Assuming that the SPIO has a steady-state intravascular distribution during MR measurement, the equation can be simplified to a linear relationship between the R2* and the perfused blood volume fraction: R2*(t) = k · V(t) or V(t) = [R2*(t)]/k, where V(t) is the perfused tumor volume and k includes the concentration of the contrast agent in the blood pool and is therefore dose dependent. Assuming a monoexponential signal decay, the R2* relaxation rate can be estimated by using the two-echo echo-planar sequence as follows: R2* = [1/(TE₂ – TE₁)] · [ln (SI_TE1/SI_TE2)], where TE₁ and TE₂ are echo times 1 and 2 and SI_TE1 and SI_TE2 are the signal intensities with echo times 1 and 2. The R2* can consequently be calculated as R2* = {[1/(TE₂ – TE₁)] · [ln (SI_TE1post/SI_TE2post)]} – {[1/(TE₂ – TE₁)] · [ln (SI_TE1pre/SI_TE2pre)]}, where SI_TE1post and SI_TE2post are the signal intensities with echo times 1 and 2, respectively, measured after contrast agent administration and SI_TE1pre and SI_TE2pre are the corresponding signal intensities measured before contrast agent administration. The VVF of the tumor, VVF_T, can then be calculated by calibrating the R2* values of the tumor and muscle tissues—R2*_T and R2*_M, respectively—multiplied by 2.0%, which is the known vascular volume of muscle tissue in humans (27): VVF_T = (R2*_T/R2*_M) · 2.0%.

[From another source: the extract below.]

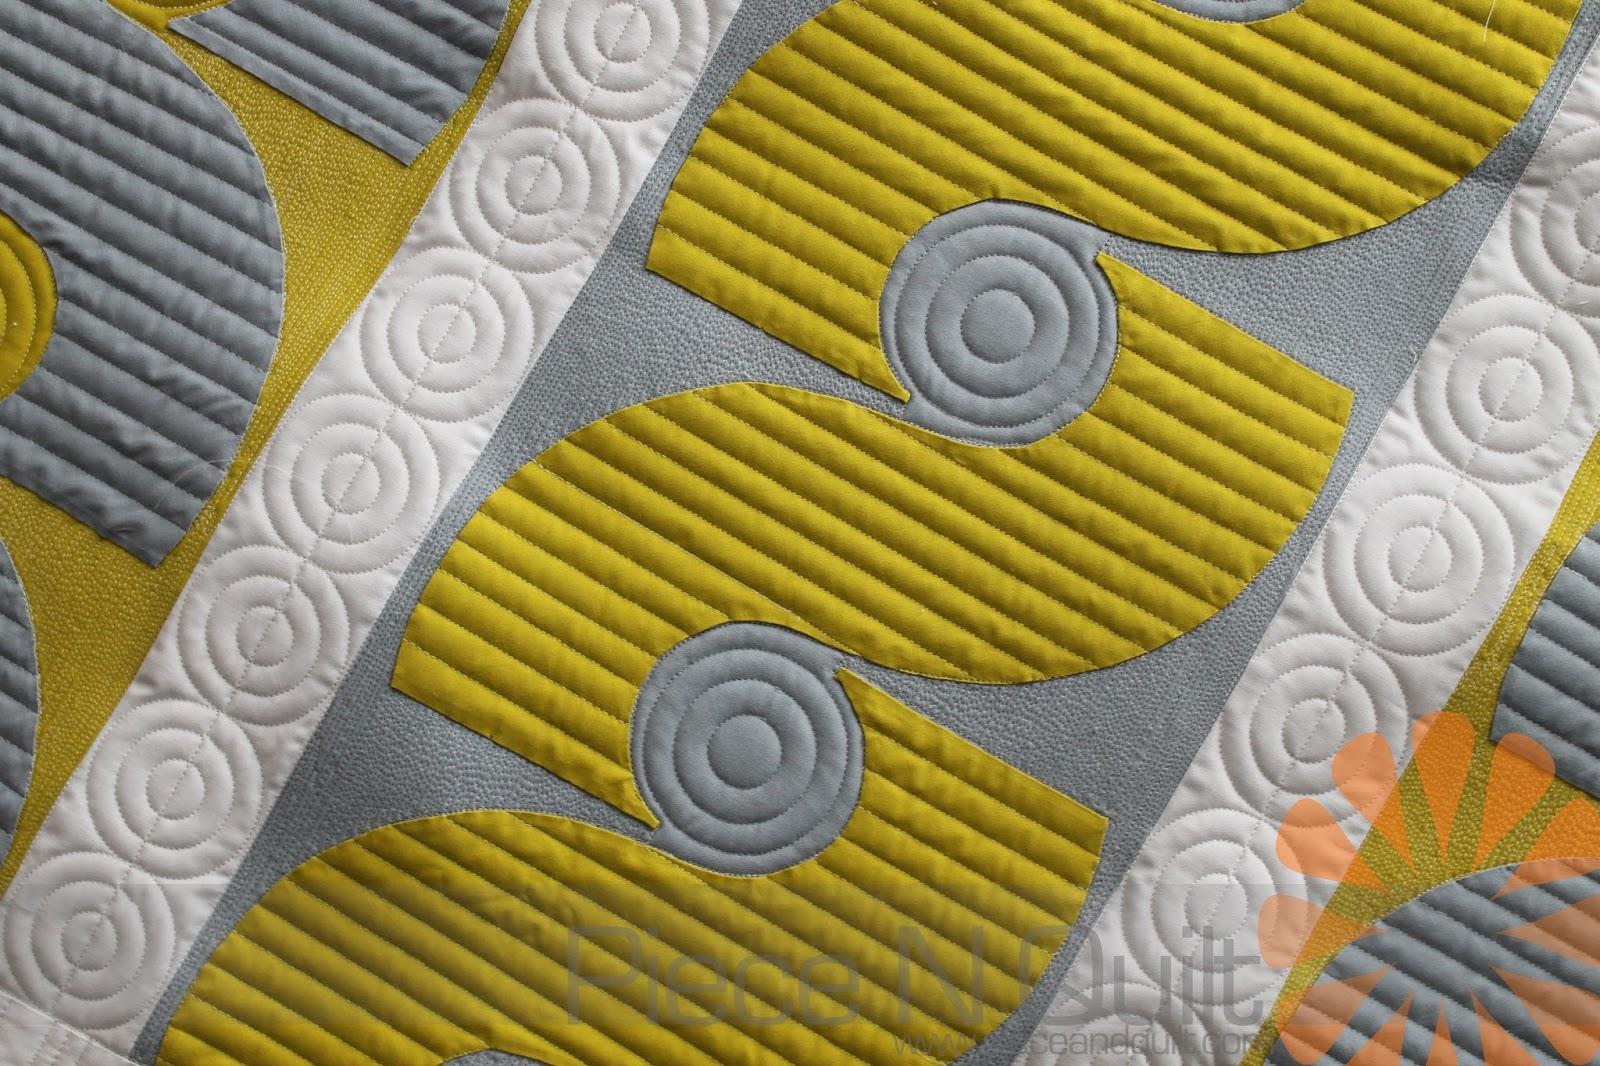 Piece N Quilt Custom Machine Quilting A Modern Quilt By

Measurements of 20–100-pixel regions of interest were performed in the BM of the pelvis (iliac crest, including posterior superior iliac spine), femur (femoral head), and sacrum (ala sacralis), as well as in the gluteal muscle, on corresponding pre- and post-contrast MR images by using identical region-of-interest positions (L.M., C.B., and A.W., with 4, 8, and 6 years experience, respectively). Moreover, parametric R2* maps were calculated by using a program developed for visualization of perfusion patterns (28). The maps were created by combining each 3 x 3 median-filtered voxel on four corresponding images with a new image. No post–data collection averaging or smoothing was applied. The resulting real data matrix was then linearly normalized to yield positive integer values that would be saved and viewed in standard Digital Imaging and Communications in Medicine format (N.M., L.M., C.B.).

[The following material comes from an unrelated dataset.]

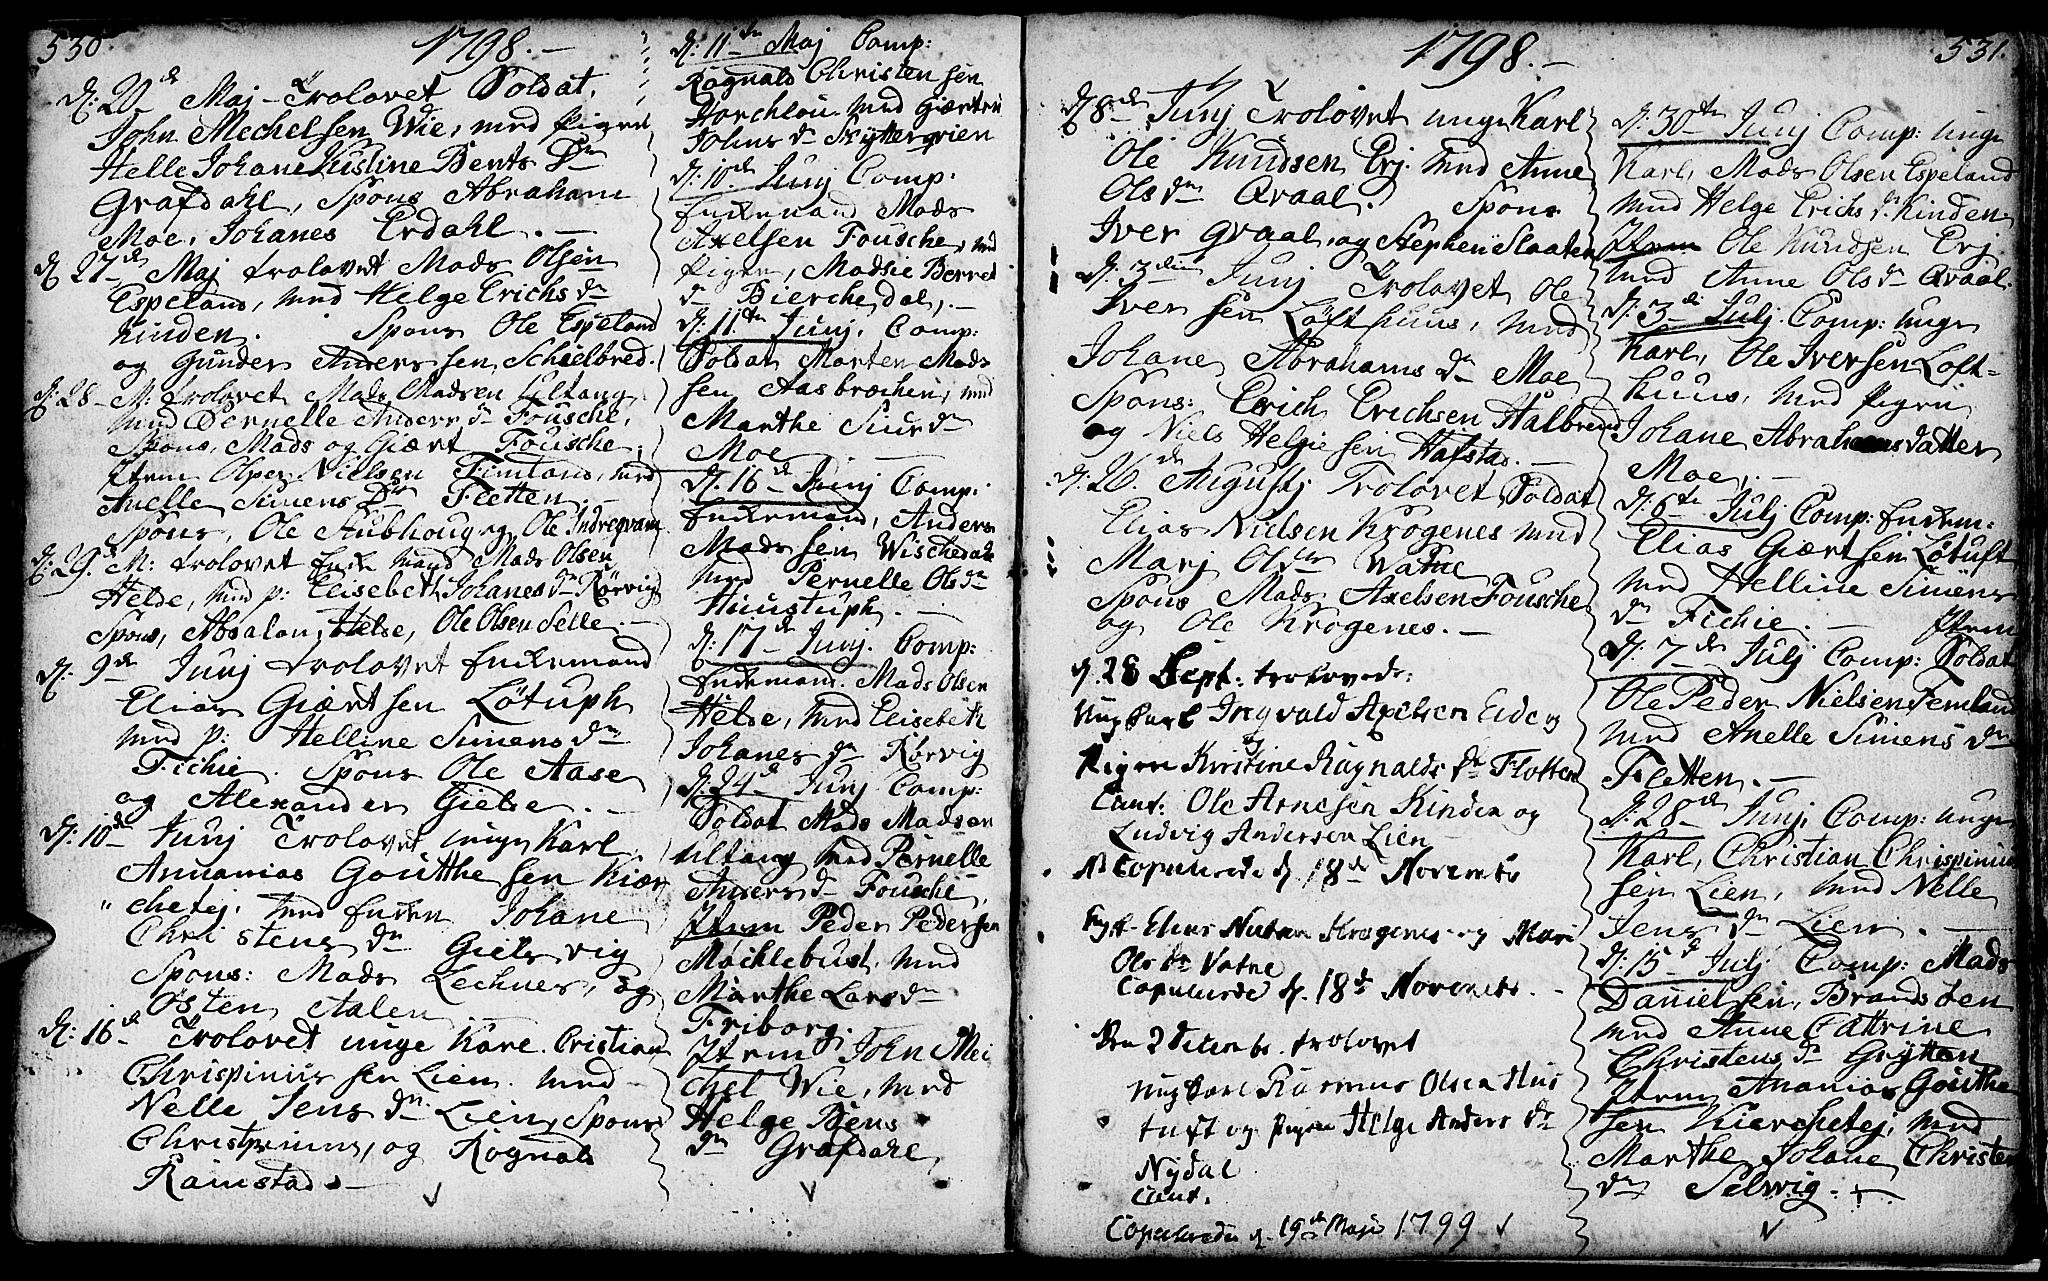 SAB, Førde sokneprestembete, H/Haa: Ministerialbok nr. A 4, 1781-1803, s. 530-531

BM Biopsy and Immunohistochemistry
In all patients with AML, a core-needle biopsy specimen from the BM of the iliac crest was obtained for routine clinical work-up 1–3 days after the MR measurements. The biopsies were performed by two hematologists (R.M., 12 years experience; R.B., 6 years experience). The histologic data for healthy subjects were obtained from a reference database. The extracted BM specimens were fixed in paraformaldehyde, decalcified in ethylenediaminetetraacetic acid, and embedded in paraffin. After each biopsy, BM aspiration at a separate puncture site was performed for cytologic analysis.

The histologic specimens were qualitatively assessed for the presence of endothelial cell sprouts and microvessels (with or without visible lumina). The degree of angiogenesis was assessed on the basis of the immunohistochemical identification of microvascular endothelial cells with use of antihuman thrombomodulin antibodies (TM Monoclonal Antibody, clone 1009; Dako, Glostrup, Denmark), as described previously (7). Serial 4-µm-thick sections of each tissue sample were processed with the antihuman thrombomodulin antibodies (working dilution, 1:50).

Semiquantitative analysis of VEGF protein expression in the BM biopsy specimens was performed, as previously described (24), by using a rabbit polyclonal antihuman VEGF (sc-152; Santa Cruz Biotechnology, Santa Cruz, Calif) (working dilution, 1:2000). Control specimens immunostained with nonimmune mouse or rabbit immunoglobulin G (sc-2025 and sc-2027, respectively; Santa Cruz Biotechnology) in substitution for the specific primary antibodies were consistently negative (data not shown).

Immunohistochemical staining was performed by using the alkaline phosphatase–antialkaline phosphatase double-bridge technique (Dako-APAAP Kit; Dako). Briefly, tissue sections were deparaffinized in xylene and rehydrated in a graded ethanol series. To promote antigen retrieval, the samples were pretreated in 10 mmol/L sodium citrate (pH 6.0) in a microwave oven at 450 W two times for 7 minutes each. The primary antibodies were added overnight at 4°C. Subsequent steps were performed according to the manufacturer's instructions. Fast red substrate (Dako) supplemented with 0.1% (weight per volume) levamisole was used to reveal phosphatase activity (30-minute incubation at room temperature). The sections were counterstained with 0.1% erythrocin solution.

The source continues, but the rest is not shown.